На другой берег Сетуни коляску катил сгорбленный, смертельно усталый человек, старик, почти такой же, каким его Костя увидел впервые полтора года назад. Только без сизых пятен на щеках и огромных мешков под голубыми глазами.

Да, трудное счастье, как бы оно его раньше времени на тот свет не отправило. Чтобы продлить улучшение настроения, Костя решил-таки взять добавки, встреча с доктором – отличная отмазка, покатил было коляску к магазину, но его остановил звонок мобильника.

Неизвестный номер, а голос известный.

– Костя, вот звоню, чтобы мой номер у вас отпечатался, вы уже дома?

– Нет, – не стал врать Костя.

– А где?.. Я вас умоляю, не делайте этого, обещайте, а то знаю я вас, молодых пап…

5. «Бентли»

Костя фактически разошёлся с женой. Мальчик во время скандалов, возникавших из ничего (Зоя унаследовала эмоциональность родителей), разрывался между папой и мамой, плакал, кричал: «Мамочка, папочка, не лугайтесь!» «Лугаться» не переставали. И не хотели, и мирились, потом опять… Костя с молоком матери впитал атмосферу патриархата, мама могла огрызаться на «садиста», но последнее слово всегда было за отцом, а тут – унижающее его мужскую самость равноправие…

Возвращаться к родителям Костя категорически не хотел. Читать в глазах вопрос: «Ну что, сынку, помогли тебе твои ляхи?»

Снял однушку неподалеку, на Мосфильмовской, привозил Зое деньги, продукты, забирал Витю из садика, гулял с ним, когда мог. Теперь уже без коляски. Возить его в Лобню Зоя не разрешала, боялась антисанитарии. Ну да, там готовились к переезду. Но какая антисанитария? На Николиной горе её было гораздо больше.

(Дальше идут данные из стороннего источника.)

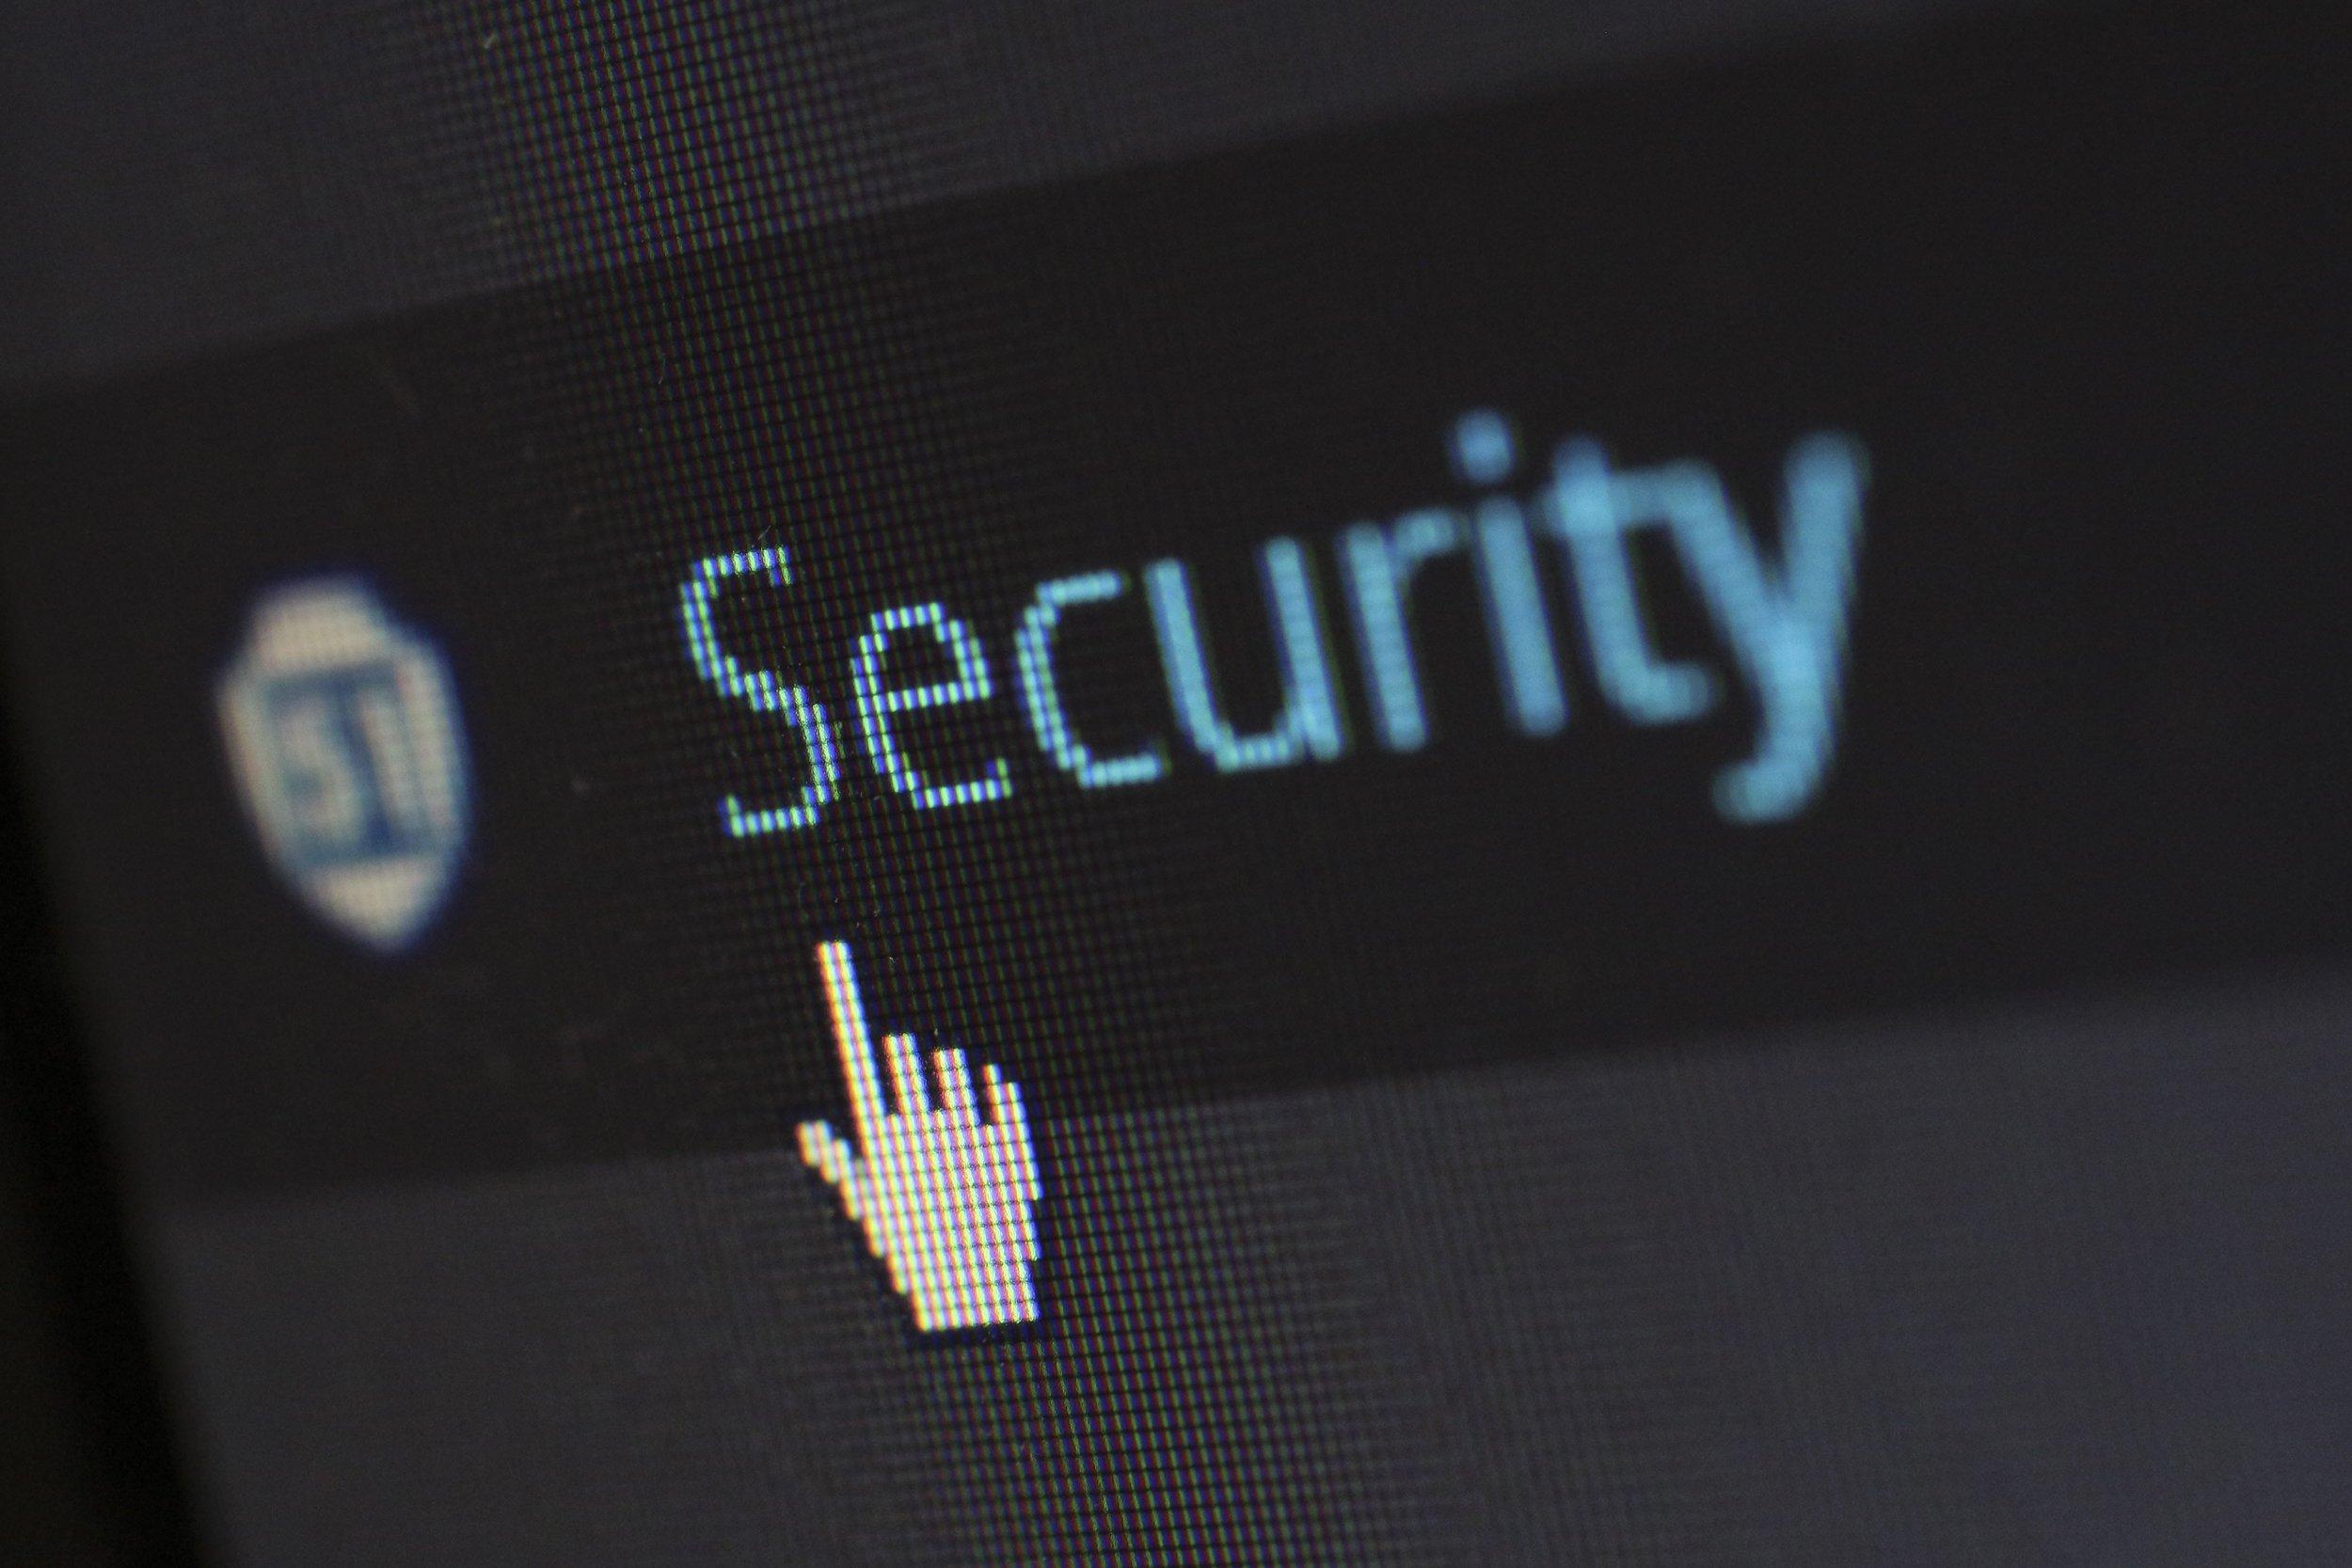 cyber-security-cybersecurity-device-60504.jpg

Там Вите всё нравилось, особенно щенок лабрадора, который сменил Моргана. Бабушку он смертельно боялся – после того как малыш разбил чашку из фамильного сервиза, она так орала, что внук даже стал немного заикаться. Данила Иванович противу ожиданий Витькой не очень занимался, и Люська за ним не следила, но тут были объективные причины. Она, несмотря на протесты Марии Петровны, родила-таки «леопардёнка», которого почему-то очень сердечно принял Данила Иванович и даже дал ему отчество – Данилович…

С лупановского радио Костя всё-таки ушёл… Главная боль заключалась не в том, что он был отторгнут от ставшего любимым дела, а в том, что слушатели его довольно быстро забыли. Да, первое время звонили в эфир, возмущались, слали эсэмэски, проклятия, вынудили Лупанова отказаться от ежемесячных общений с аудиторией на темы внутристанционных дел… Месяц отсутствия в эфире поклонники перетерпят, и даже два, но через три Костя перестал в «Одноклассниках» получать признания в любви от девушек и предложения совместной борьбы с режимом от мужчин. На конкурирующие каналы Костю брали с условием, что он: первое – зальёт грязью Лупанова и станцию «МанияК», второе (тоже невыполнимое условие) – Костя должен отказаться от своего «левого поворота» и вернуться в лоно либеральных ценностей. Поступил на работу в журнал, тираж которого сильно уступал радийному охвату, однако писать он там мог всё, что хотел. Но не умел. Одно дело говорить – другое писать, у него выходило натужно, скучно, зло. Изящная вербальная образность была ему неподвластна. Подрабатывал там же системным администратором. Мучила ломка в связи с вынужденным отказом от главного медийного наркотика, прямого эфира. Он разговаривал сам с собой, иногда договаривался, но чаще – нет. Народ, вся страна, как он полагал, легкомысленно столпились у края пропасти и были готовы жизнерадостно устремиться вниз. И он ничего не мог поделать.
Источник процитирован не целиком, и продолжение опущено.